Note that technically the grp-duke3d handler doesn't need the invalidContent() test, because isInstance() could check to make sure the archive file is large enough to hold that many FAT entries, and if not, report that it isn't a .grp file. The distinction was made because .grp files have a signature which on its own is enough to positively identify a file in this format. Because of this, only this signature is checked by isInstance(), allowing corrupted data to sneak through undetected. Other file formats with no signatures typically rely on verifying all the structures within the archive in order to positively identify the format, so in these cases any corrupted data would never make it past isInstance(). These formats are the ones that are less likely to have invalidContent() tests.
Submit a patch
Generating a patch is beyond the scope of this article (read up on git) however here are some hints:
- Update the README with your new file format
- Add the README, new files, and other changes to a single commit and push to your preferred repository (e.g. fork the project on GitHub and push there)

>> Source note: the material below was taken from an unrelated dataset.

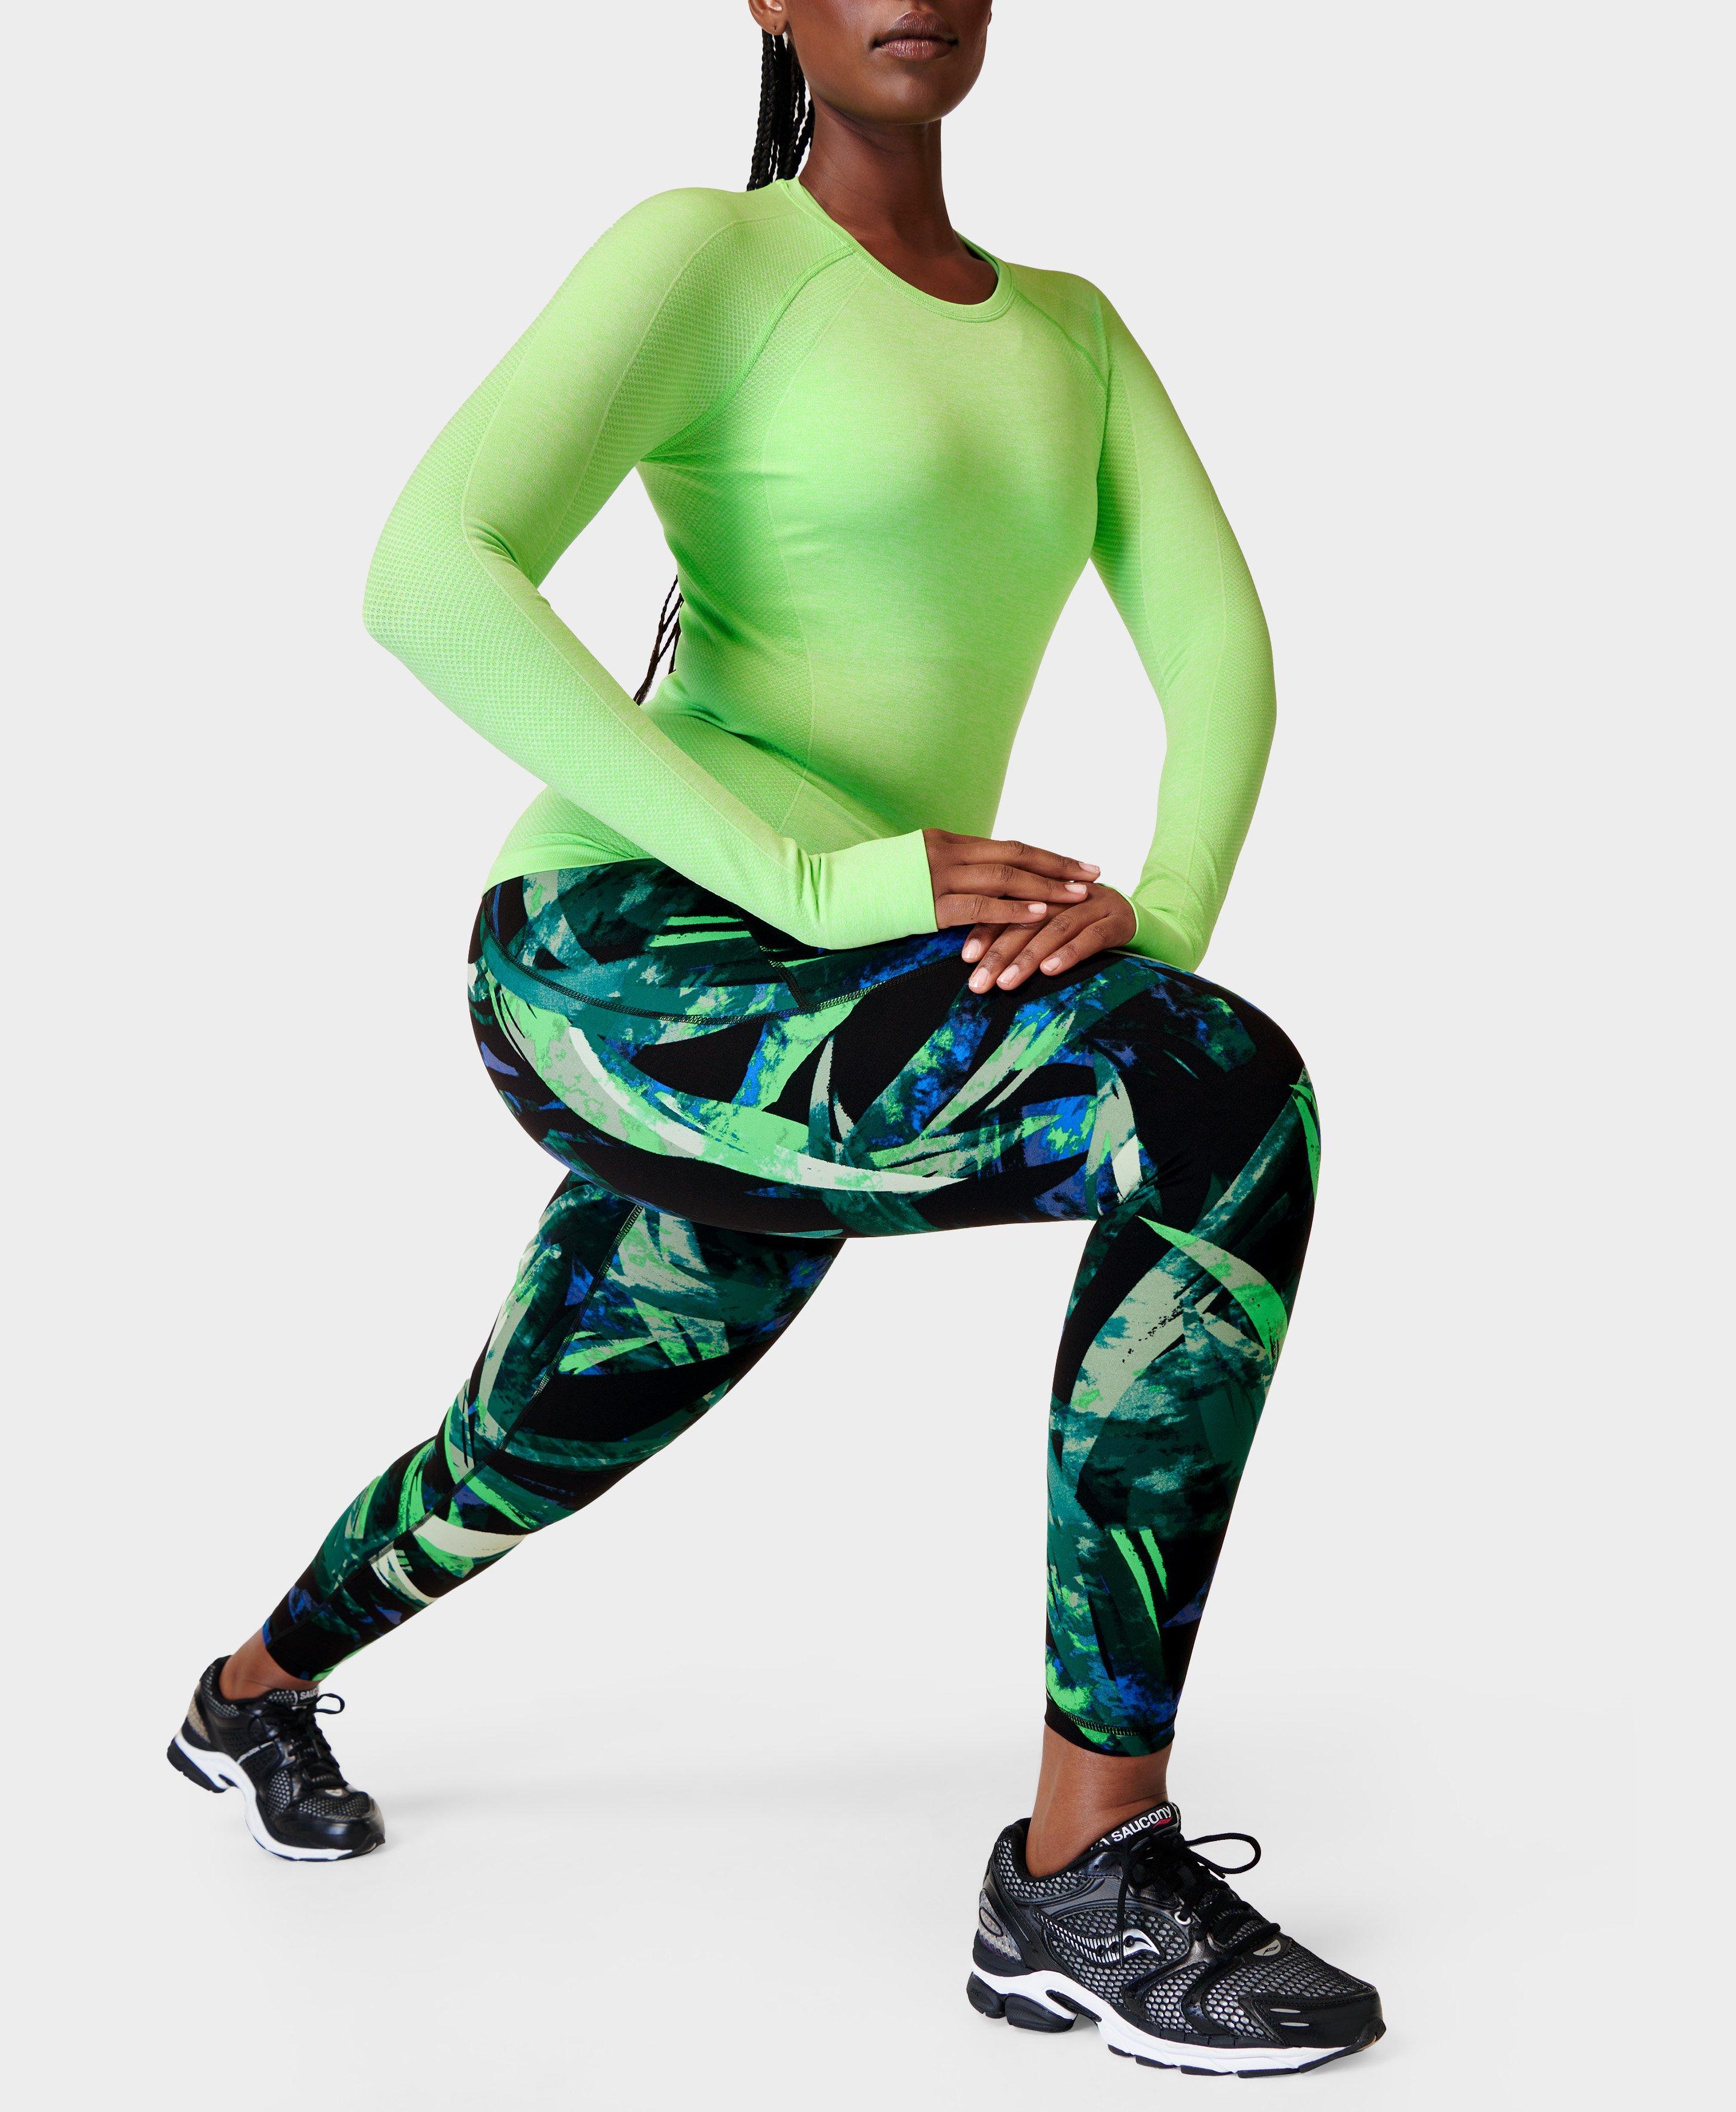 Power 7/8 Gym Leggings - Green Areca Palm Print, Women's Leggings

- Send a pull request to me via GitHub and I will review your change and hopefully merge it into the main branch
- The Archive::isInstance() function is not a gate-keeper, but an autodetection function. This means that if you report DefinitelyNo (a file is definitely not in the format you are implementing) it's still possible for someone to attempt to open it with your archive handler anyway by passing the --type and --force parameters to gamearch. Your Archive constructor should be prepared to deal with this and throw exceptions (not crash) if any values are so far out of range that you cannot continue or return a partial read. You must not check any signatures here and only abort if there is a truly unrecoverable error, because the idea behind this is that if someone obfuscates the signature but leaves the file format intact, you can still open the archive by manually specifying the file format.